Introduction

Although over the last decades the duck population seems to have stabilised, duck meat plays an important role in the European poultry market. The number of slaughtered ducks in the structure of commercially slaughtered poultry has increased significantly and for several years has accounted for 4 %. Furthermore, waterfowl breeding is very important in other regions of the world, mainly in eastern and southern Asia (FAO database 2013). Hence, the breeders’ efforts have been focused on increasing carcass yield and reduction of fatness using classical polygenetic approaches as well as improving environmental conditions and processing management. However, current advances in molecular genetics have generated new opportunities for poultry genetic improvement programs due to association of chromosomal regions with performance traits (see e.g. Boschiero et al. 2013). The development of methods to characterise genetic variation at the DNA level has enabled mapping of loci that affect quantitative traits. There is a general agreement from theoretical and simulation studies that application of marker assisted selection (MAS) has the potential to increase the rate of genetic gain especially if traditional selection is less effective (Goddard and Hayes 2009).

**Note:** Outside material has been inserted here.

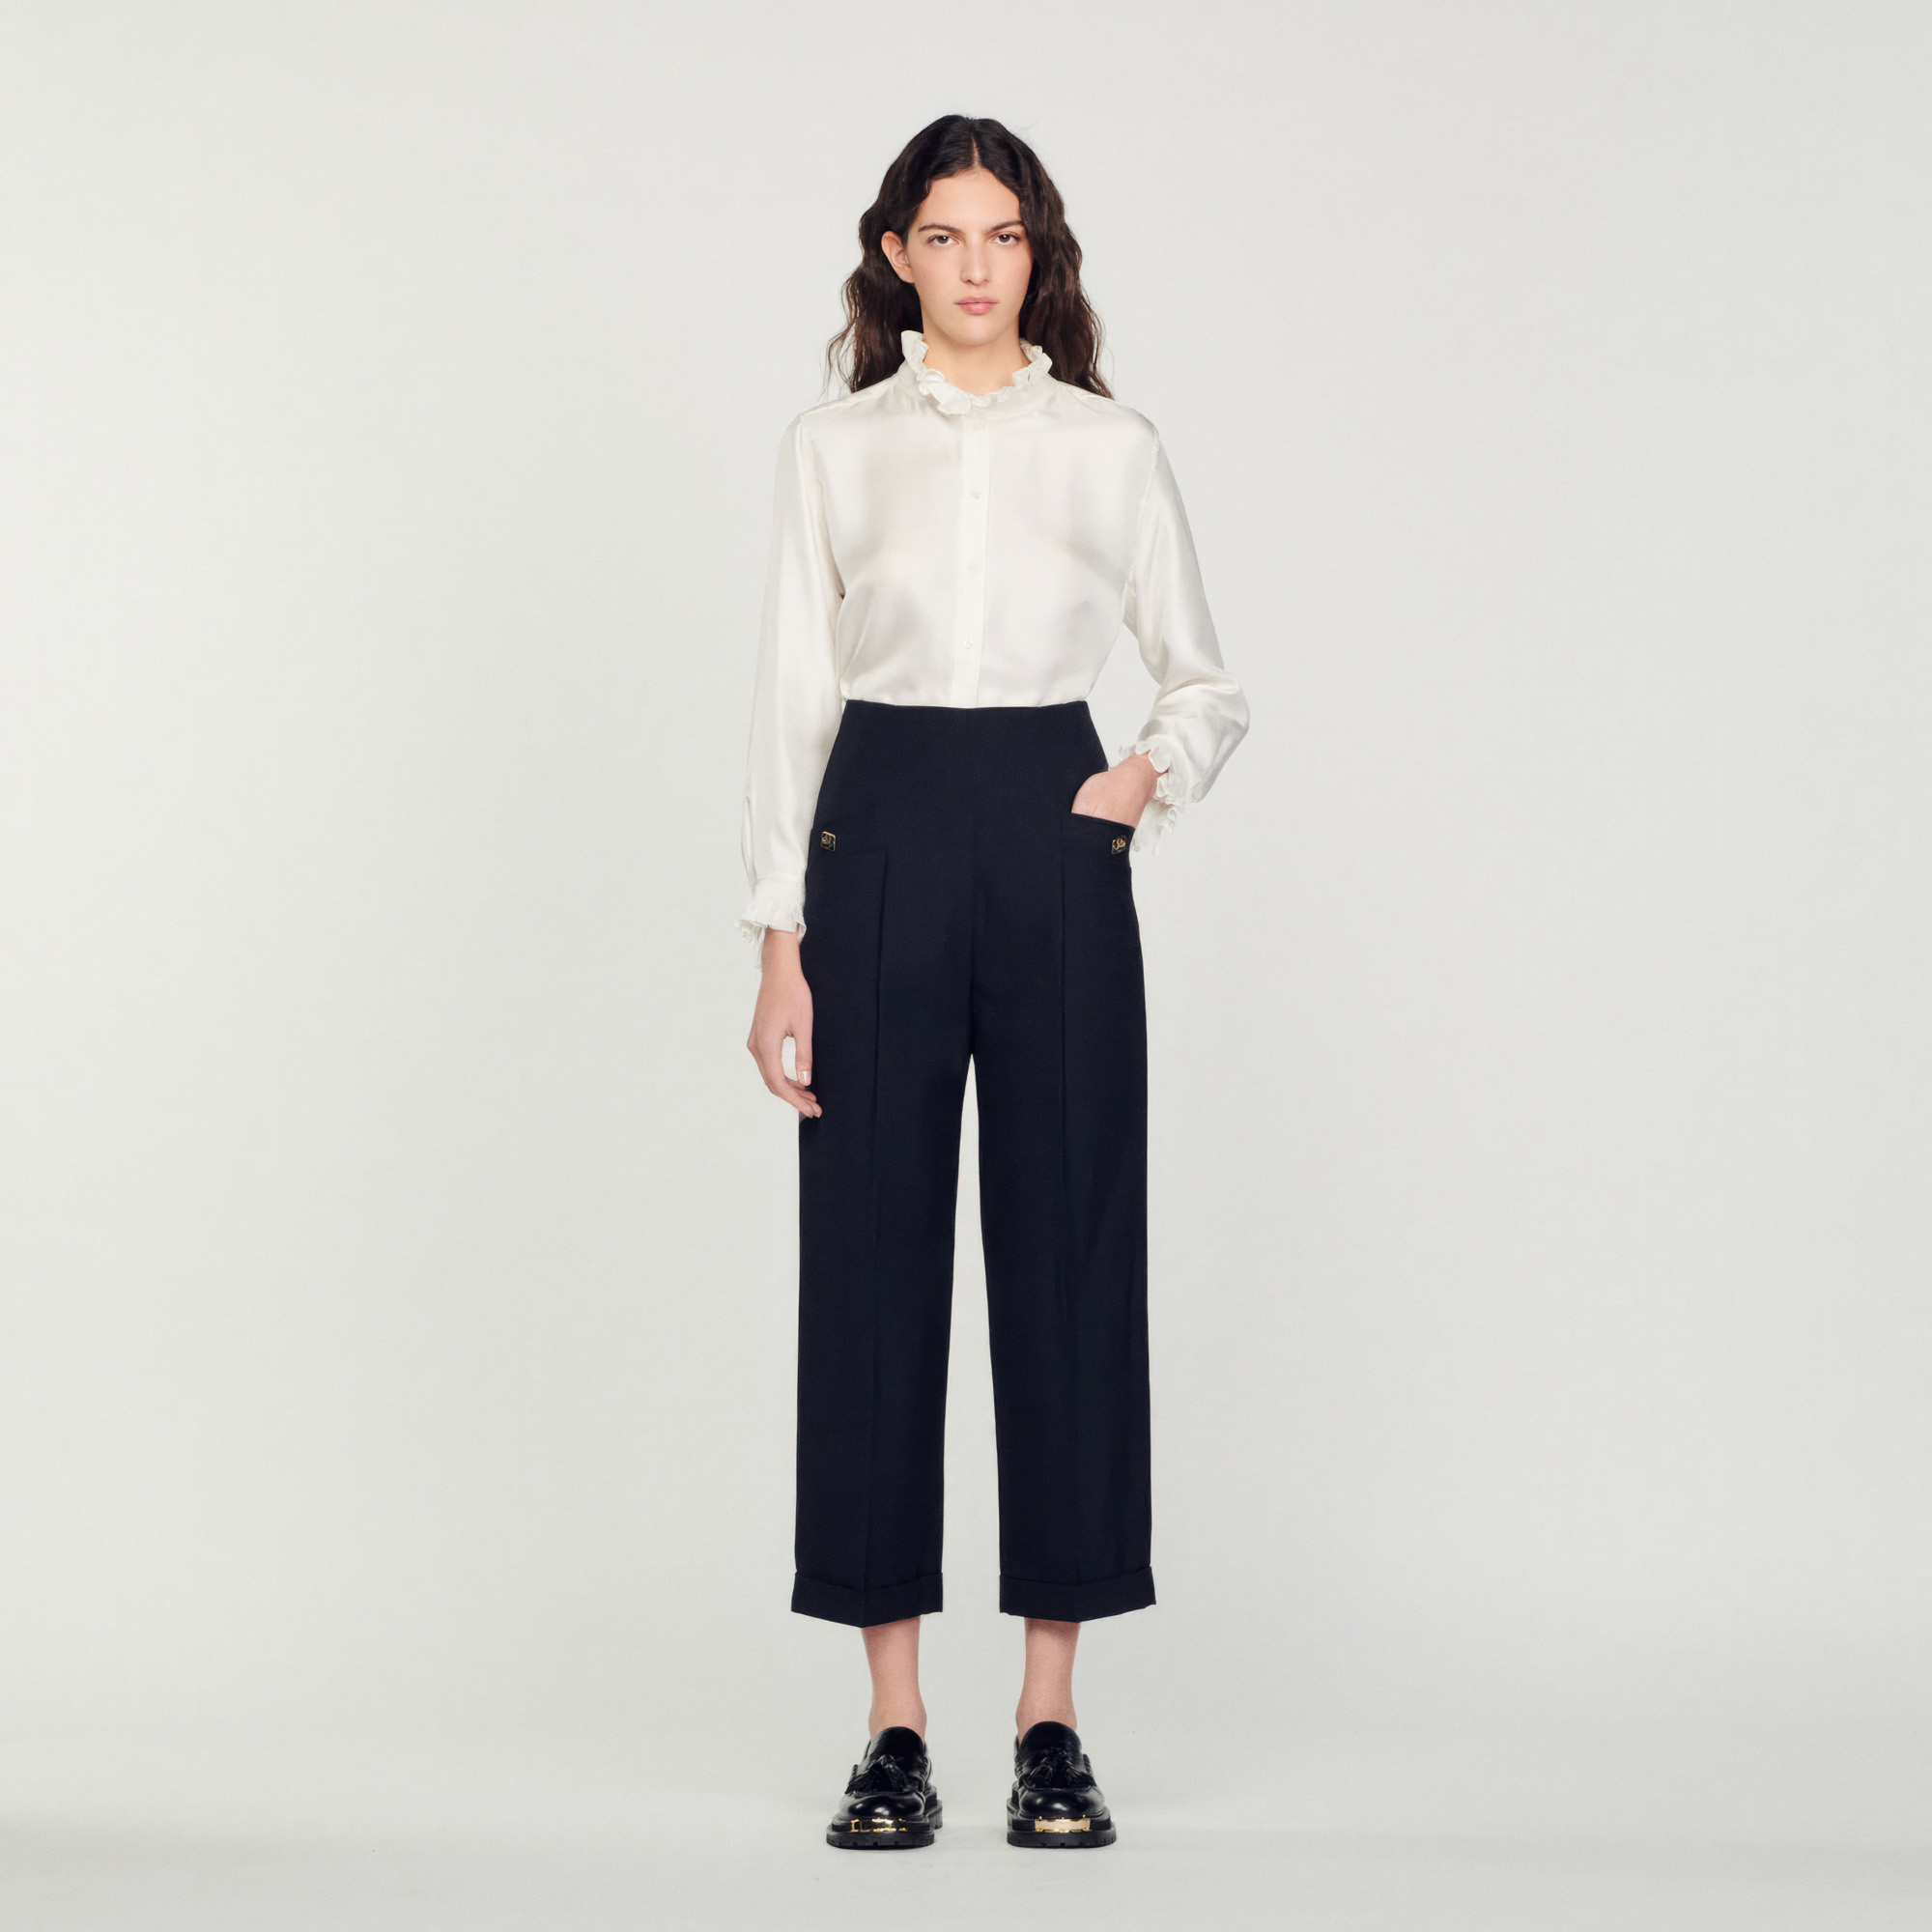 Sandro polyester Sandro women's pants â€¢ Virgin wool pants â€¢ High waist â€¢ Side pockets with fancy double S buttons â€¢ Piped pockets at the back â€¢ Turn-ups at the hems â€¢ Concealed zip fastening at the center back â€¢ These pants match the jacket The model is 5'10 tall and wears a size 36 FR / 4 US

Unfortunately, contrary to chicken as well as livestock mammals, duck genome is still not sufficiently known. Nowadays a relatively small number of reports on molecular variability and mapping of loci in Peking ducks has been published (Huang et al. 2005, 2006, 2008; Maak et al. 2000; Wang et al. 2011; Wu et al. 2008). Huang et al. (2006) developed a genetic linkage map for the duck. However, for reliable construction of the map, detection of many polymorphic DNA markers is necessary. In the case of ducks, the most saturated microsatellite marker map is located on chromosome 1. As mentioned above, a few papers have been published on detection of significant associations of some loci with production traits in ducks. For instance, Huang et al. (2007a, b), identified some loci affecting body weight, and conformation traits as well as carcass and meat quality traits in Beijing ducks. Also some molecular studies were performed on interspecific hybrid mule ducks by Kileh-Wais et al. (2013). They detected QTLs for quality of breast meat and fatty liver. It is important to refine the duck linkage map in order to construct a consensus map integrating knowledge of the duck genome from many studies. Inclusion of information from different populations should allow verification of marker positions and their respective positions on the linkage map.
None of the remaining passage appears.